** Opening Data block **
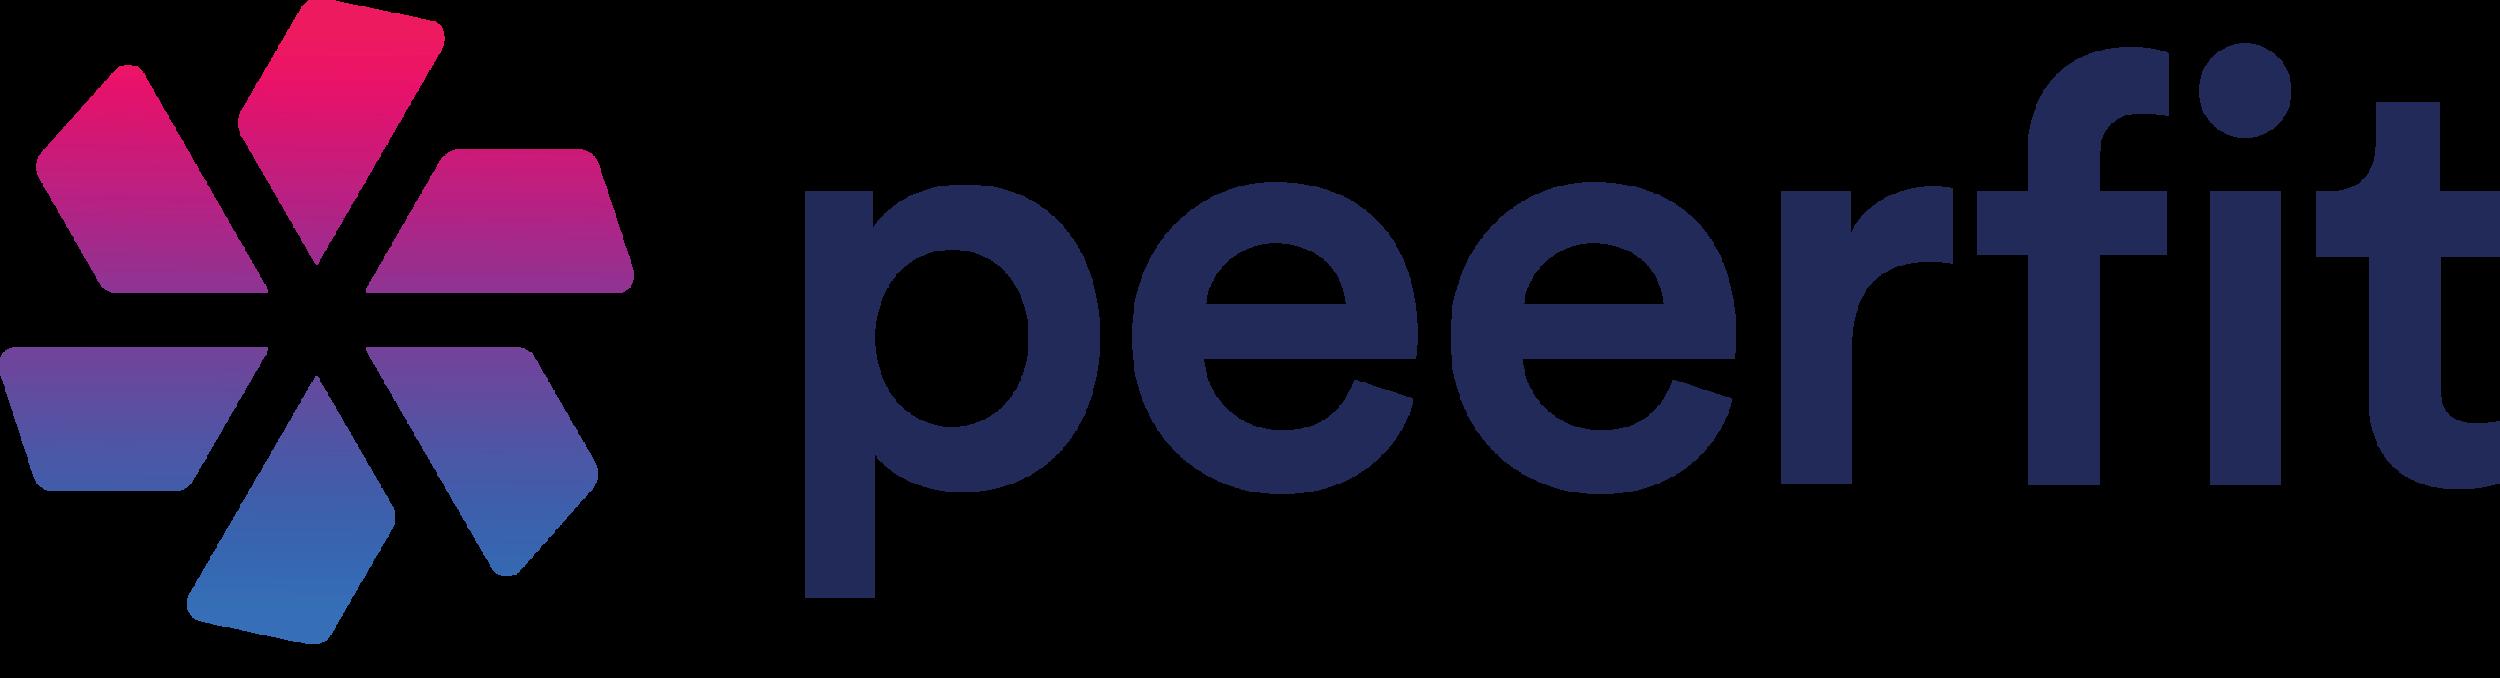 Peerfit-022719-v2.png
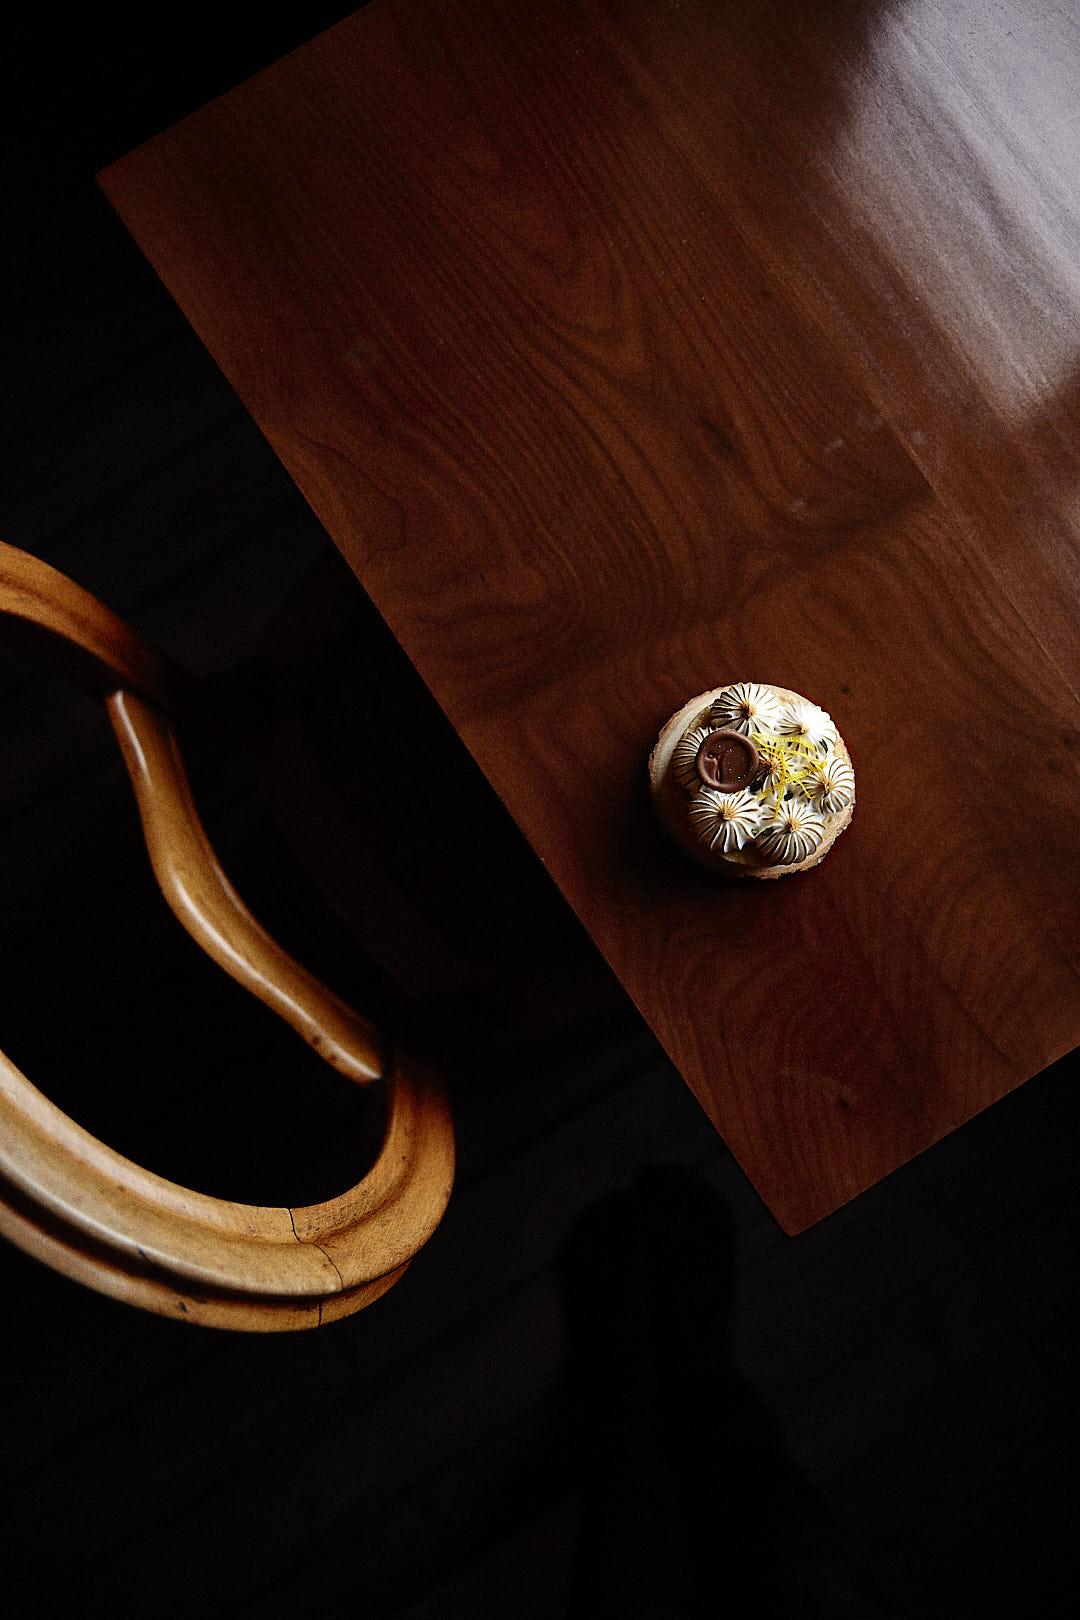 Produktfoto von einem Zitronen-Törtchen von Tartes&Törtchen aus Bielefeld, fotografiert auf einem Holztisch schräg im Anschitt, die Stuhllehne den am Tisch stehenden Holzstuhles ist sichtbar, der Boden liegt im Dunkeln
** Closing Data block **
** Opening Data block **
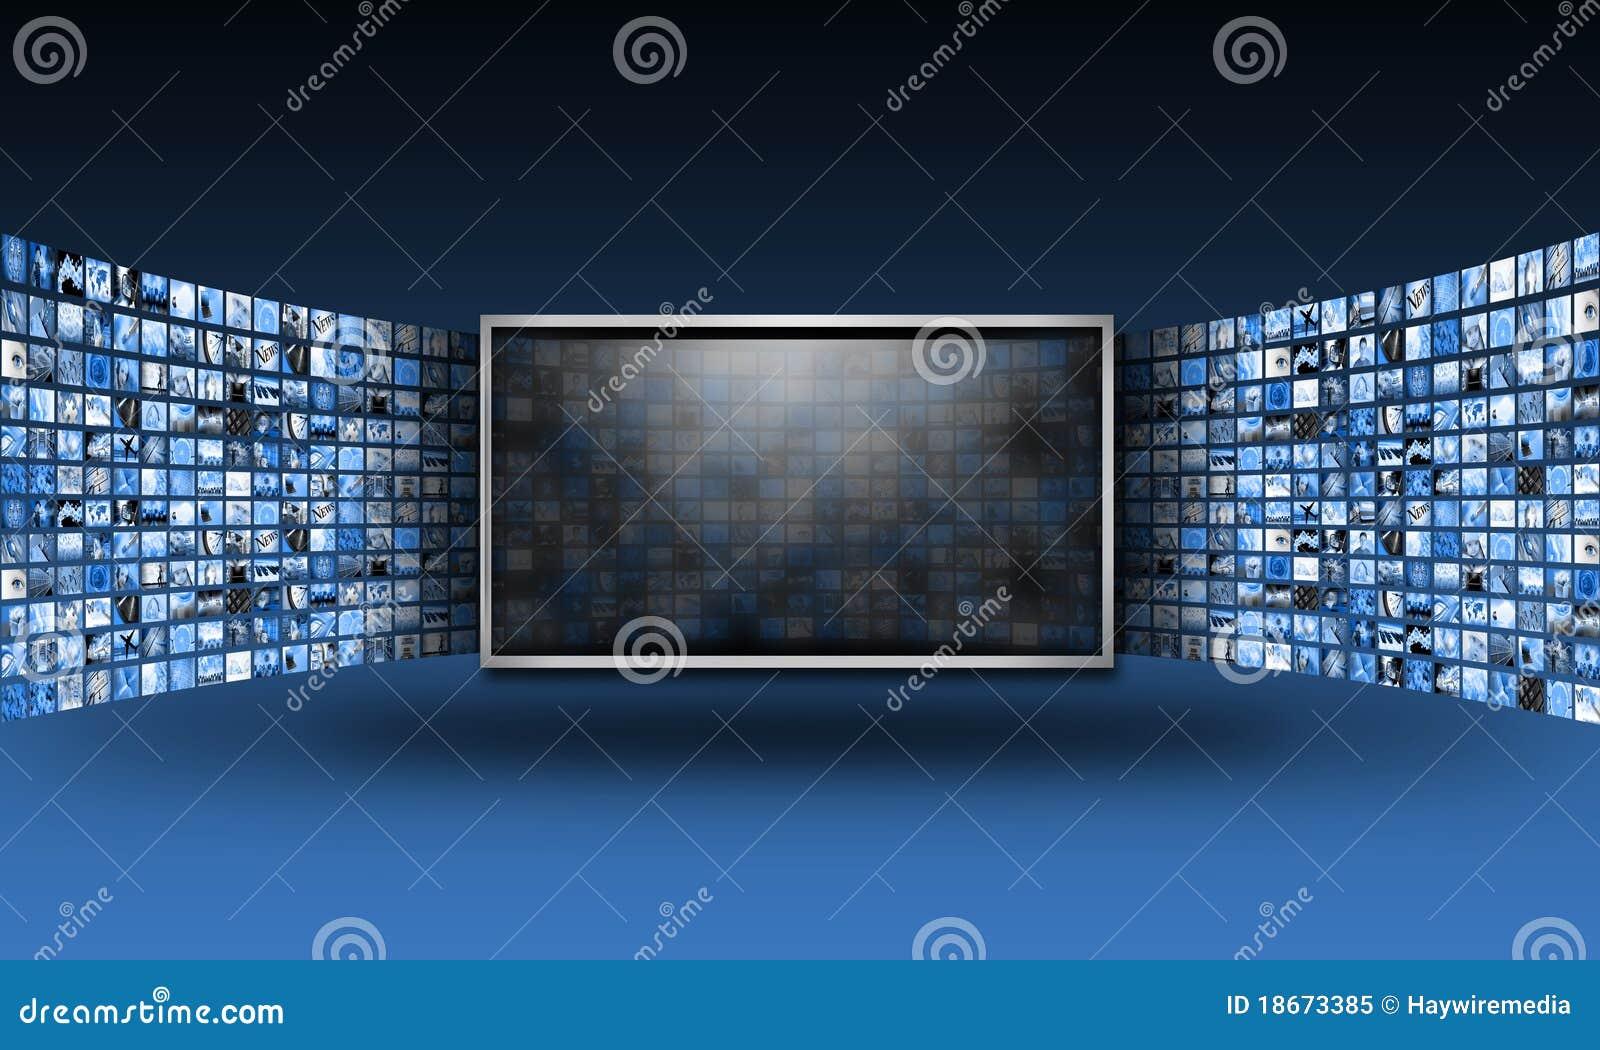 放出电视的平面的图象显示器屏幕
** Closing Data block **
** Opening Data block **
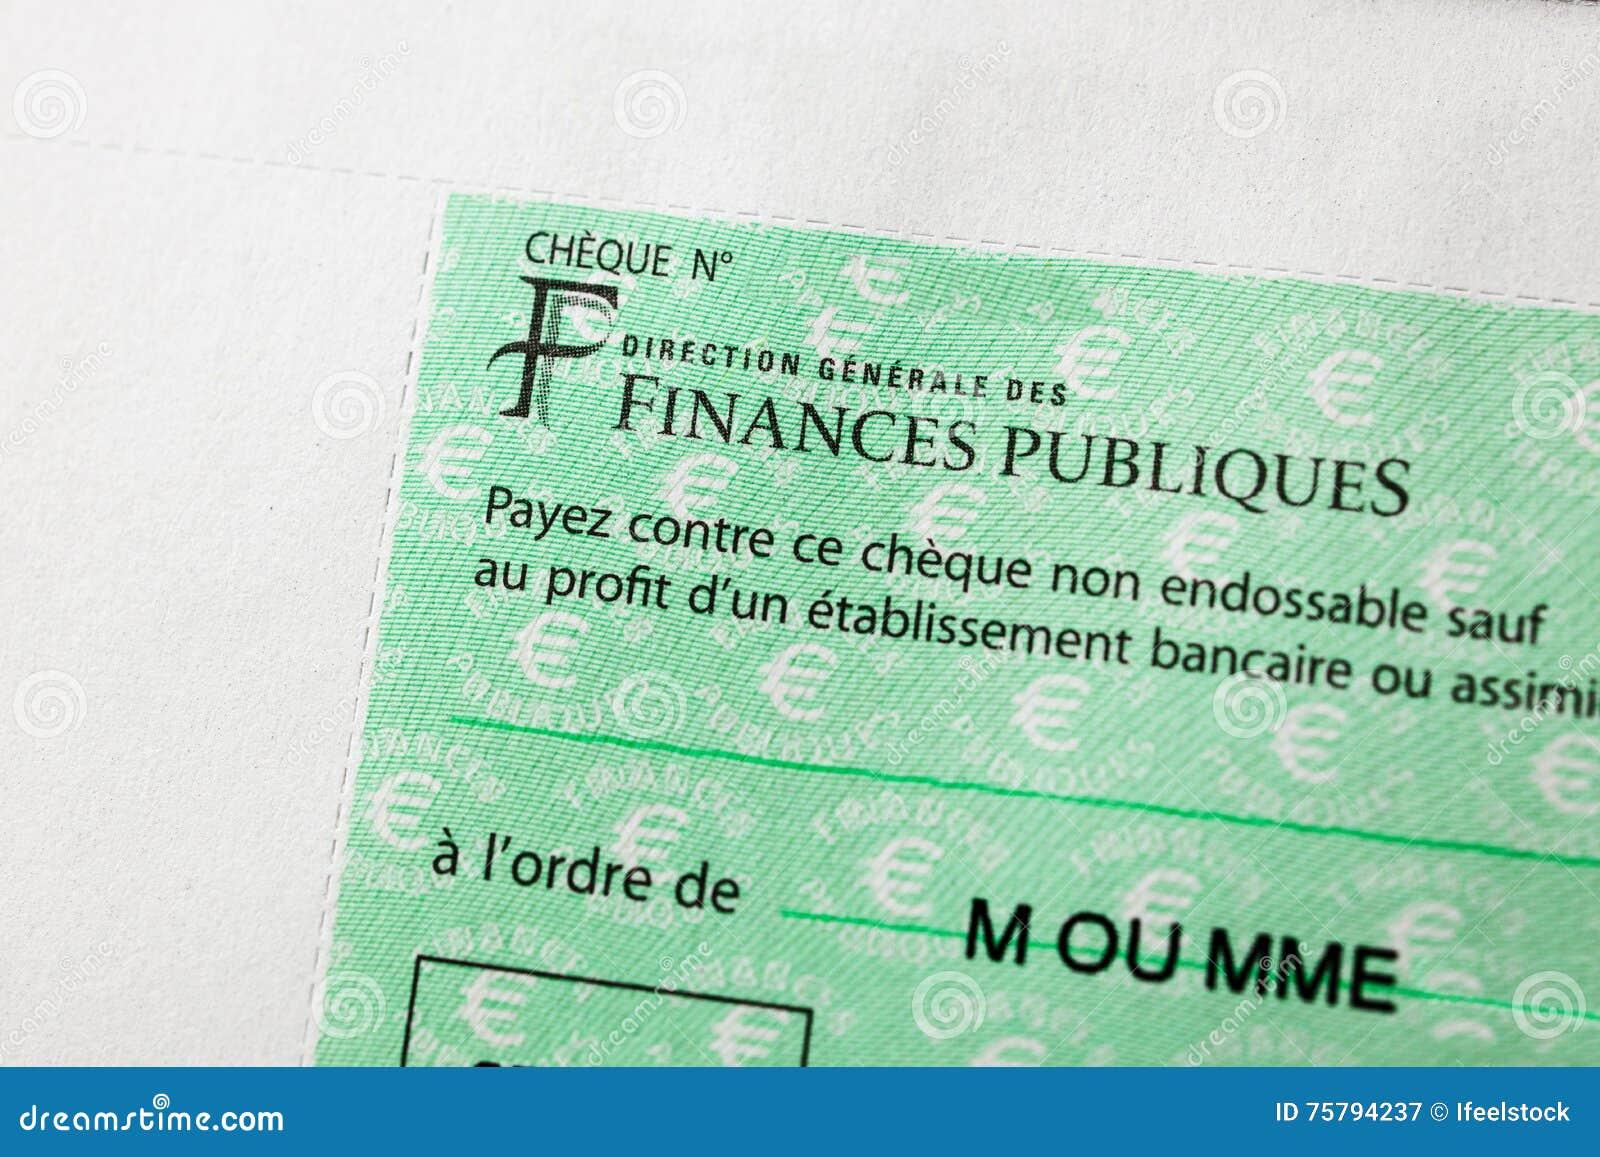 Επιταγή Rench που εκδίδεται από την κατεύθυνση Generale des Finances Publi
** Closing Data block **
### Action item
Look above for the line containing "Peerfit-022719-v2.png", then copy exactly from it through the line containing "Produktfoto von einem", keeping both and leaving out pictures. Add nothing else.

### Response area
 Peerfit-022719-v2.png
 Produktfoto von einem Zitronen-Törtchen von Tartes&Törtchen aus Bielefeld, fotografiert auf einem Holztisch schräg im Anschitt, die Stuhllehne den am Tisch stehenden Holzstuhles ist sichtbar, der Boden liegt im Dunkeln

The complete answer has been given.